您是否可以安全地减少代理进程使用的内存量取决于您的代理设置(例如,最大并发同步数和文件上传并行度)、正在同步的数据类型以及代理的典型负载。减少堆大小会降低操作系统终止进程的可能性,但会增加Java进程耗尽堆空间的可能性。您可能需要测试不同的值以找到有效的配置。
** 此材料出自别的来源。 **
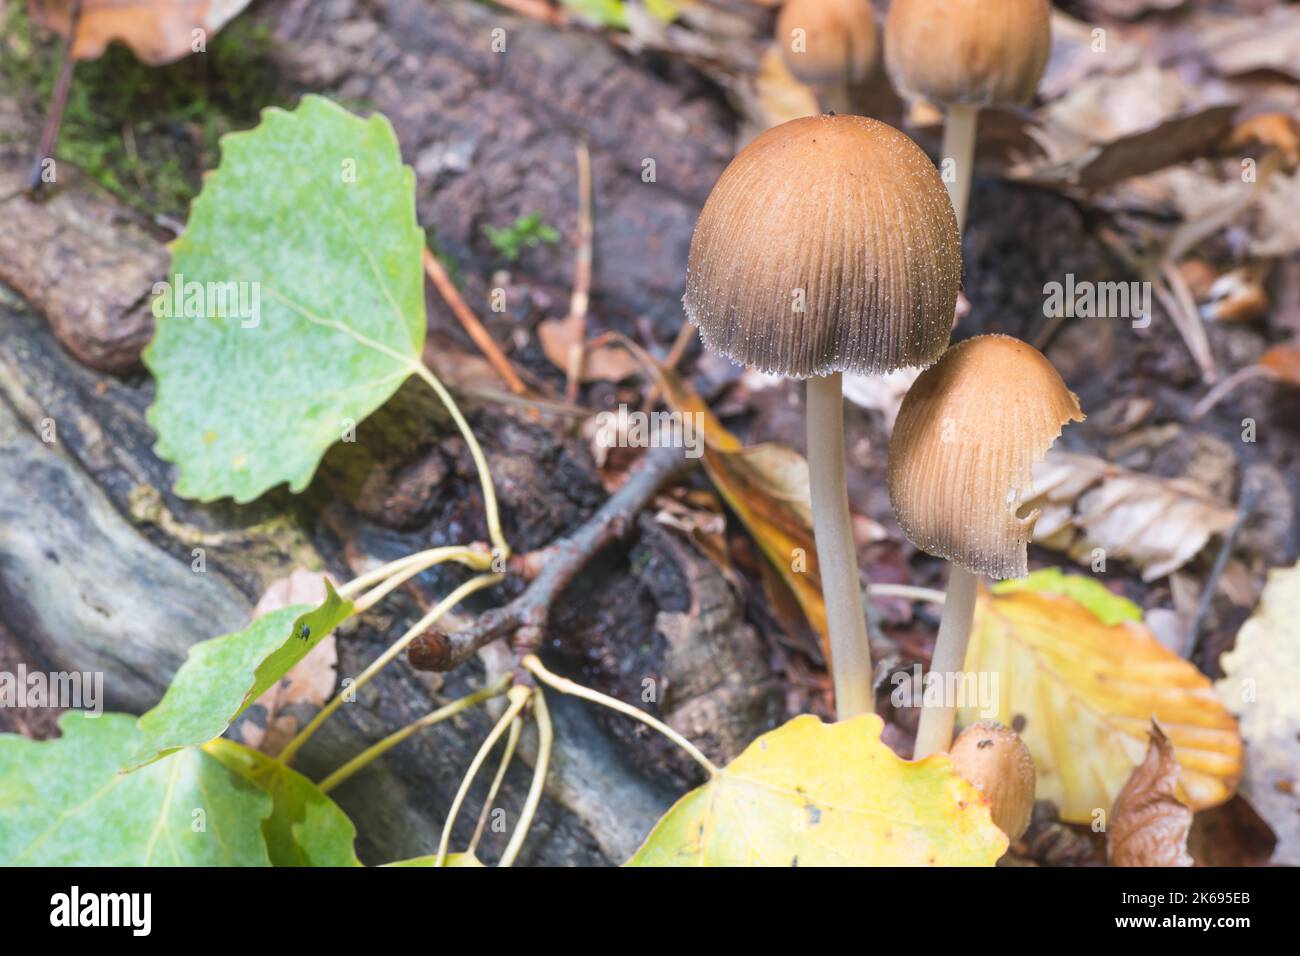 Coprinellus truncorum commonly mushroom forming fungus in the autumn forest. Species related to Coprinellus micaceus in English mica cap or shiny cap. Stock Photo

如果您需要帮助调整此值,请联系您的Palantir代表。
要减少分配给一个(或多个)子进程的内存量,请执行以下操作:
- 决定应为上述每个子进程分配多少内存。
- 注意:我们不建议将堆大小减少到低于下面列出的默认值。
- 接下来,导航到Data Connection中的代理,选择高级配置按钮,然后选择引导程序选项卡。
- 在这里,您可以为每个单独的子进程设置
jvmHeapSize参数。 - 以下是一个引导程序配置片段示例,其中代理的jvmHeapSize设置为3gb:
agent: .... jvmHeapSize: 3g #这是JVM堆大小值 - 更新配置后,您需要保存更改并重启代理以使更改生效。
默认堆分配
默认情况下,代理需要约3gb的内存,分配如下:
- 代理子进程1gb
- Explorer子进程1gb
- 引导程序子进程512mb
- 代理管理器子进程512mb
Java进程也会使用一定量的堆外内存;因此,我们建议您确保至少留有≥4gb的空闲内存供它们使用。
无法下载代理包¶
代理下载失败主要有两个原因:网络连接问题和链接过期。
如果您可以连接到Foundry但收到无效的tar.gz文件或下载时出现错误消息,则可能是链接已过期或失效。
- 过期链接: 下载链接在十分钟后过期。
- 失效链接: 下载链接受一次性下载密钥保护。在Microsoft Teams等应用程序中粘贴代理下载链接可能会使链接失效,因为这些应用程序会尝试扫描链接以查看是否可以预览;此扫描会使一次性下载密钥失效。如果您有无效链接,请尝试在UI中重新生成链接,并重新输入两个密钥词,而不是复制整个链接。
如果在代理包下载过程中遇到disconnected unexpectedly错误,请尝试通过在下载命令中添加--http1.0标志来强制curl使用HTTP 1.0。这可以解决某些网络环境中可能发生的协议协商问题。
无法管理代理¶
用户必须是项目的编辑者(Editor)才能在该项目中创建代理,但必须是项目的所有者(Owner)才能管理该项目中的代理。这意味着用户可能创建了代理,但无法生成下载链接或对代理执行其他管理任务。有关代理权限的更多信息,请查看我们的权限参考文档中的指导。
由于PERMISSION_DENIED错误无法创建代理¶
如果在尝试创建代理时收到PERMISSION_DENIED错误,请验证以下内容:
- 组织级角色: 您必须拥有
组织管理员(Organization administrator)、数据流管理员(Data flows administrator)或分配了创建代理(Create agent)工作流的自定义角色。组织角色在控制面板的组织权限页面上管理。 - 项目级角色: 您必须是您想要保存新创建代理的项目的
编辑者(Editor)或所有者(Owner)。
如果您在现有项目上只有编辑者(Editor)权限但缺少所需的组织级角色,请尝试在您具有适当权限的其他项目中创建代理,或向管理员请求所需的角色。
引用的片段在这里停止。